> _Provided records_:
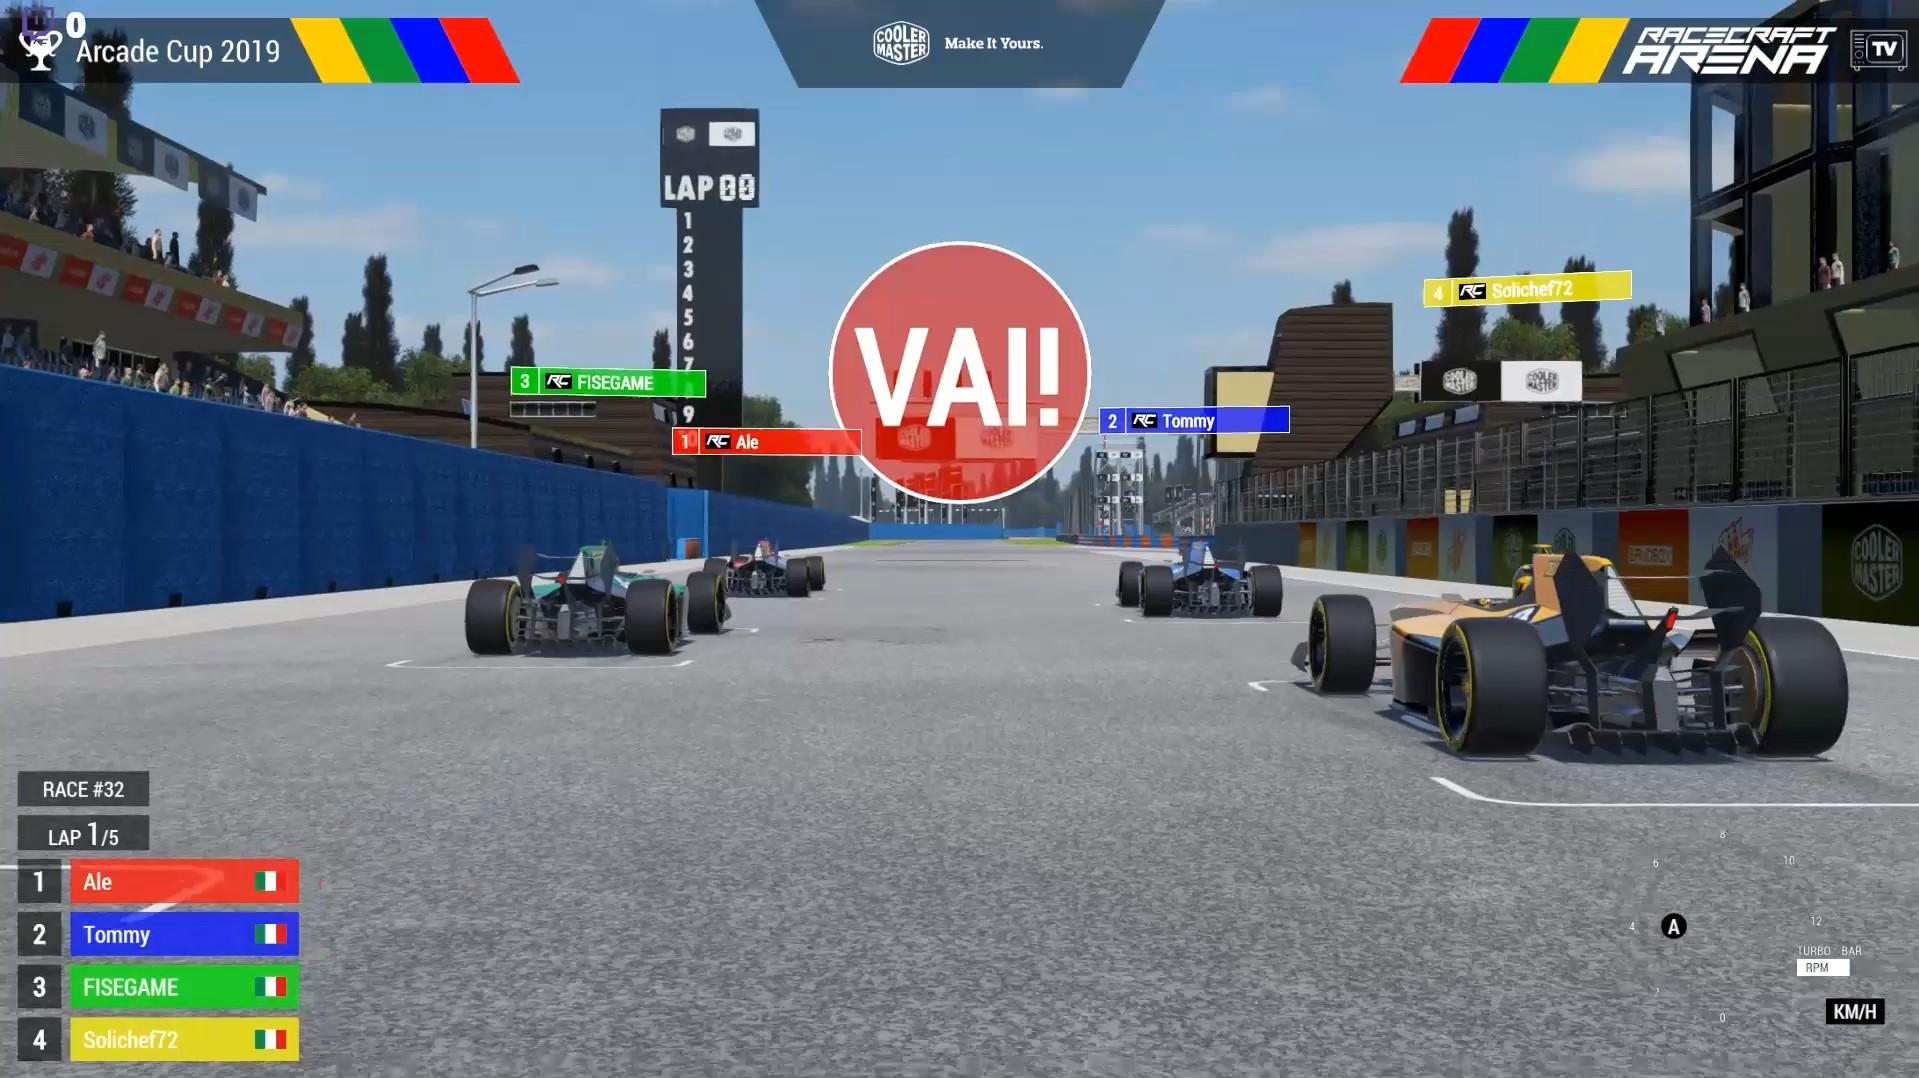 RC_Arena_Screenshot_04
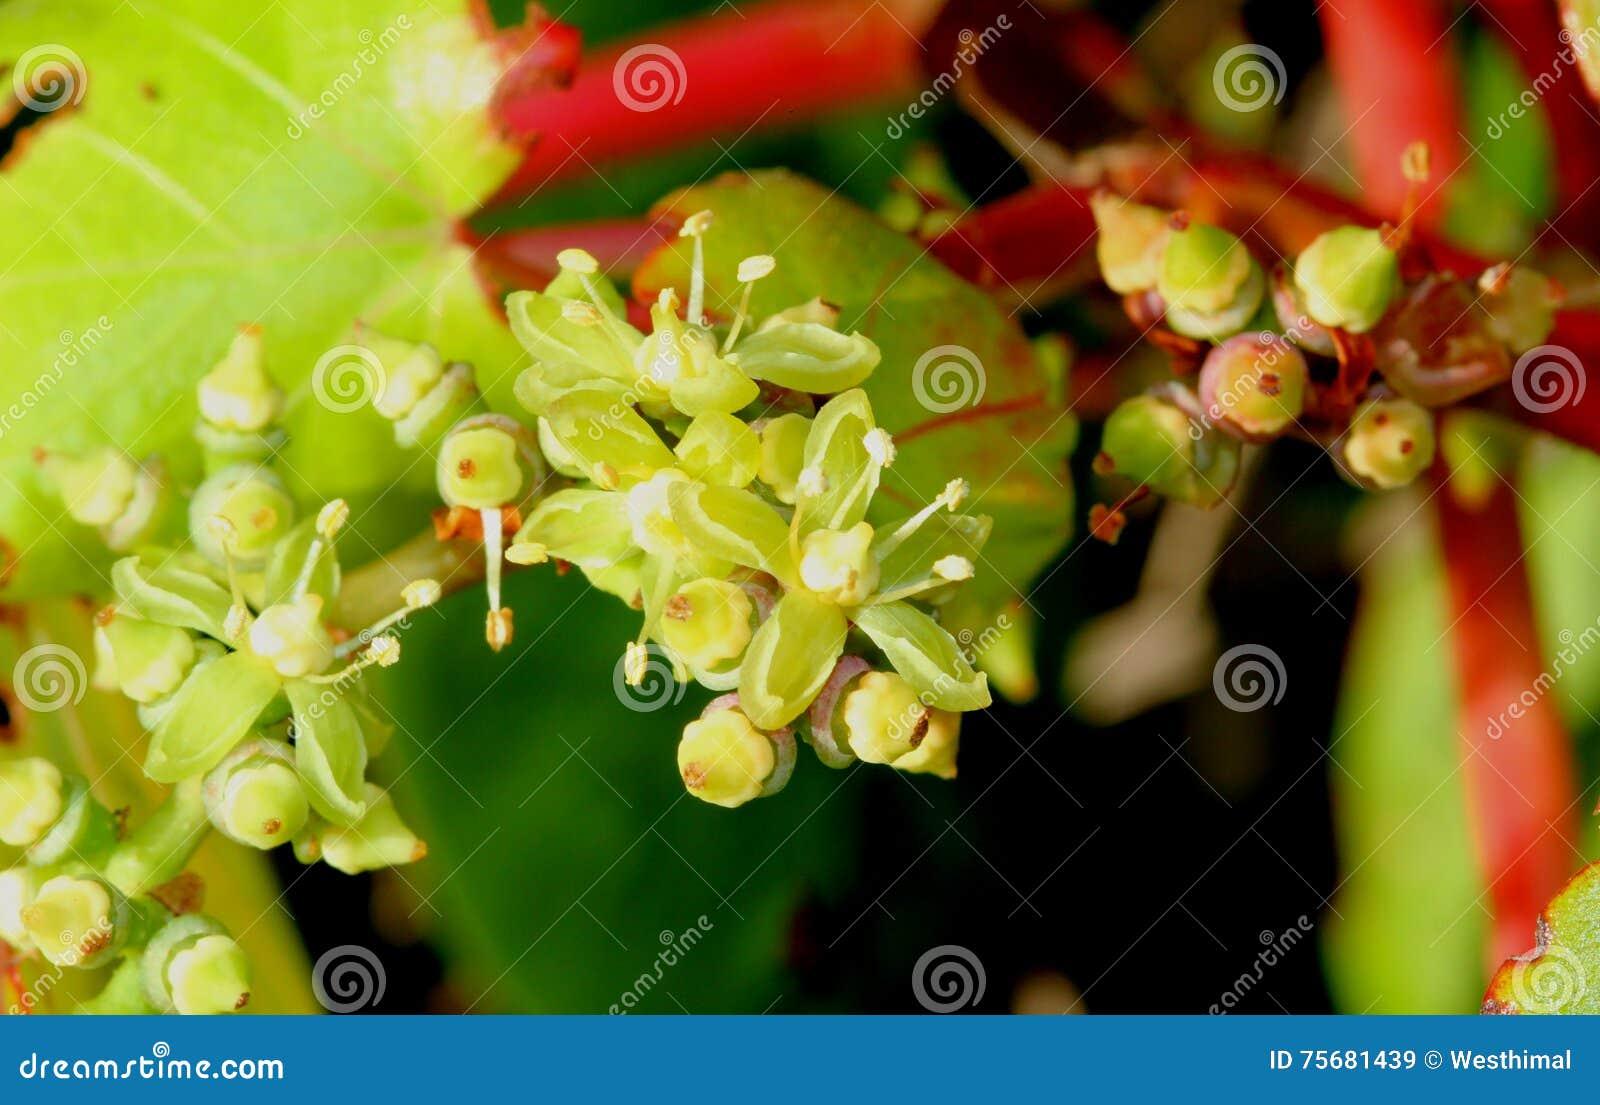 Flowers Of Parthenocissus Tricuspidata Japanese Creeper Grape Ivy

* * *

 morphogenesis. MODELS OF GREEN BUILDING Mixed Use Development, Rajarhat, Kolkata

...

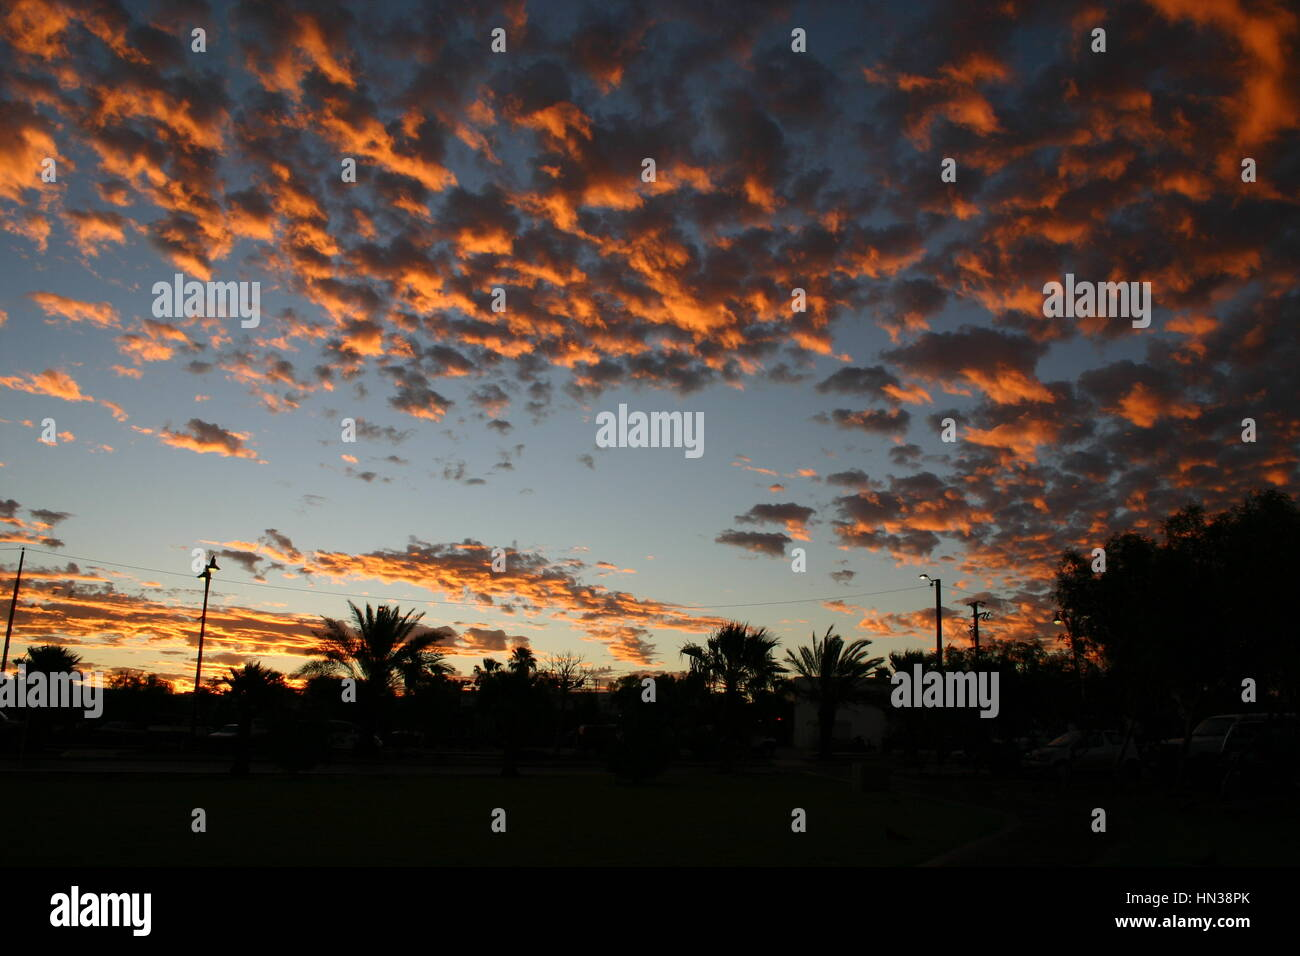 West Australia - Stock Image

> _Directions for this task_: Nothing but the lines above from the one that has "RC_Arena_Screenshot_04" down to the one that has "Flowers Of Parthenocissus" belongs in the answer, copied exactly, without pictures.

> _Response area_:
 RC_Arena_Screenshot_04
 Flowers Of Parthenocissus Tricuspidata Japanese Creeper Grape Ivy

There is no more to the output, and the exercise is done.